> [WORK TASK]
In the listing below, locate the line containing "La chouette de" and the line containing "3374 14款质感居家抱枕靠垫腰靠图案印花设计贴图ps样机素材展示模板 Silk". Output both of them and every line between, exactly as written, and nothing more.

> [MATERIAL FOR THE TASK]
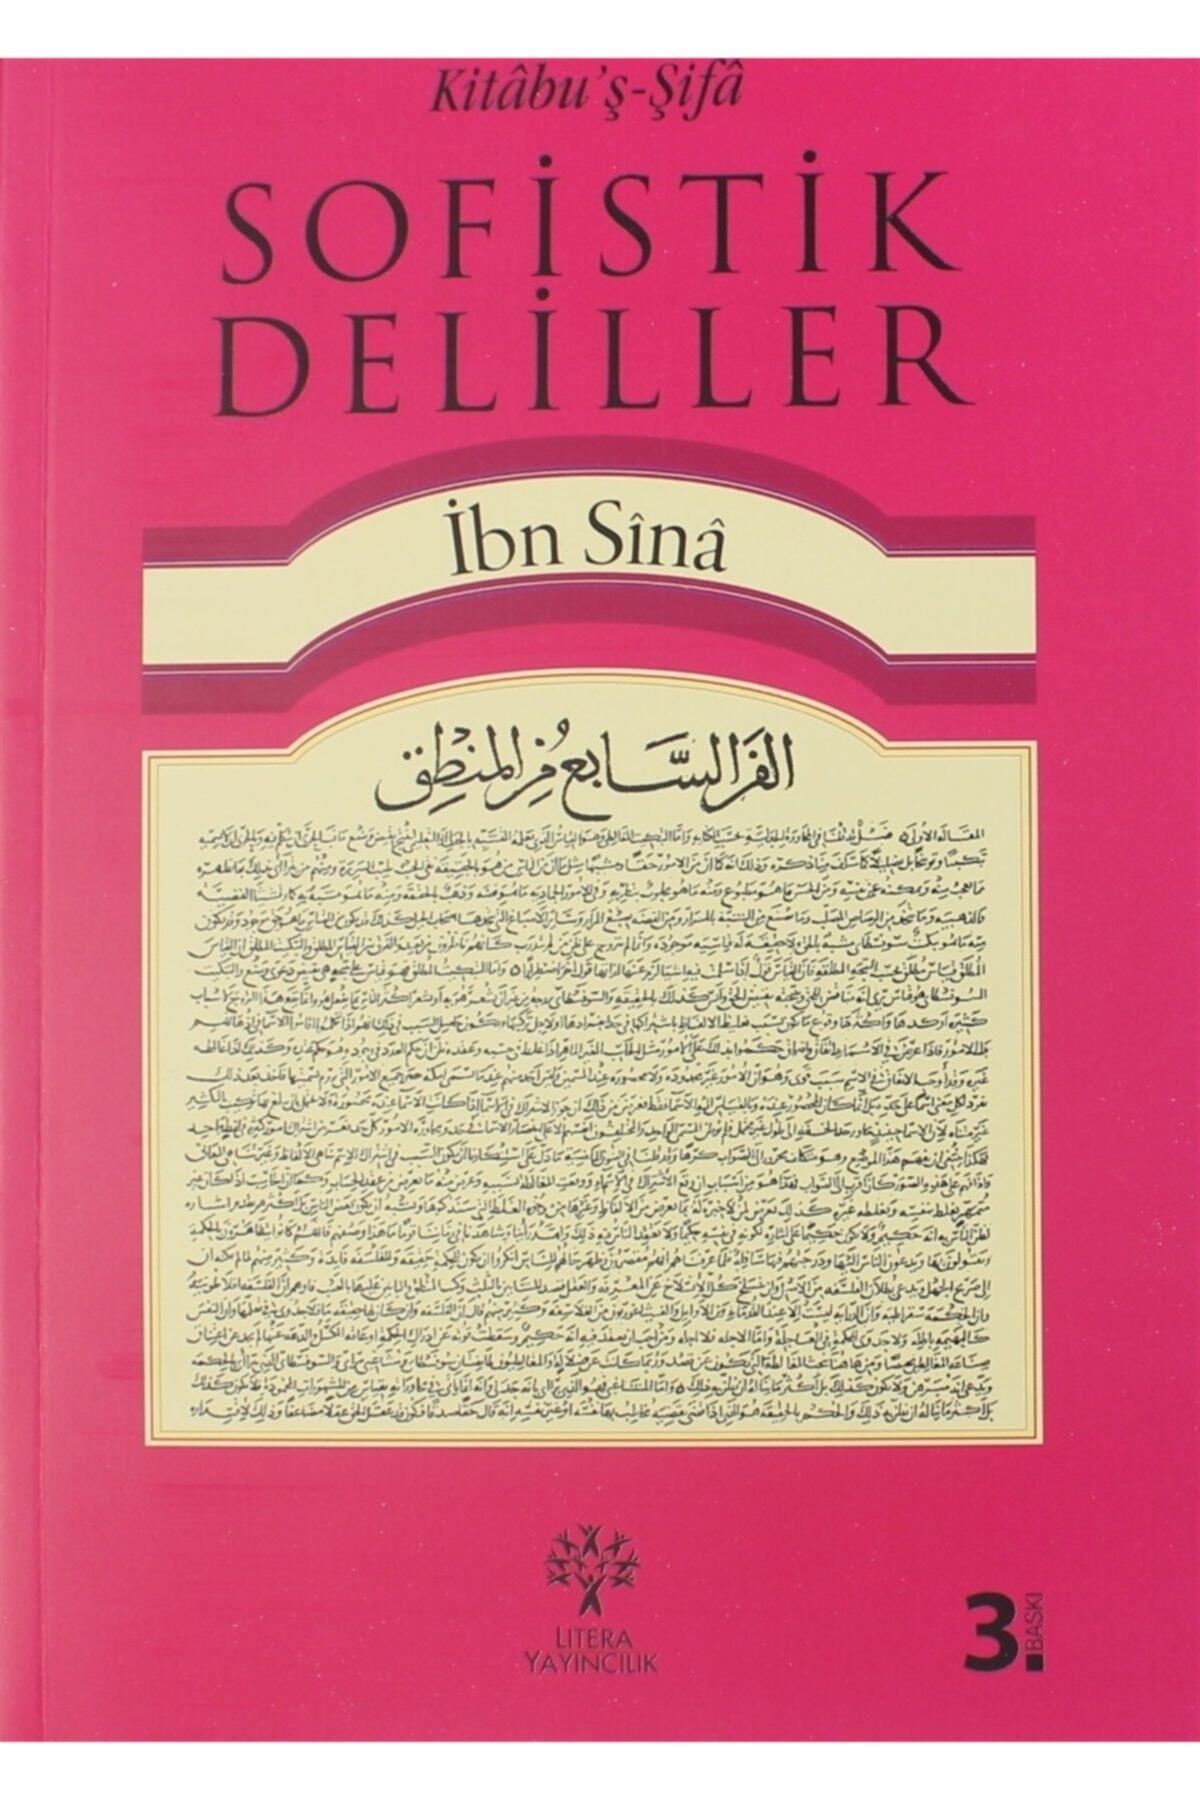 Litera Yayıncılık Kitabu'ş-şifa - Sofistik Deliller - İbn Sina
...
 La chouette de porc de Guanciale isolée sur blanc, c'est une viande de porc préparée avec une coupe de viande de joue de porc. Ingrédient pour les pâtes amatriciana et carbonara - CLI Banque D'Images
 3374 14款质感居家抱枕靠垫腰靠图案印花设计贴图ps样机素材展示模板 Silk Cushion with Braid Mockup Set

> [YOUR RESPONSE]
 La chouette de porc de Guanciale isolée sur blanc, c'est une viande de porc préparée avec une coupe de viande de joue de porc. Ingrédient pour les pâtes amatriciana et carbonara - CLI Banque D'Images
 3374 14款质感居家抱枕靠垫腰靠图案印花设计贴图ps样机素材展示模板 Silk Cushion with Braid Mockup Set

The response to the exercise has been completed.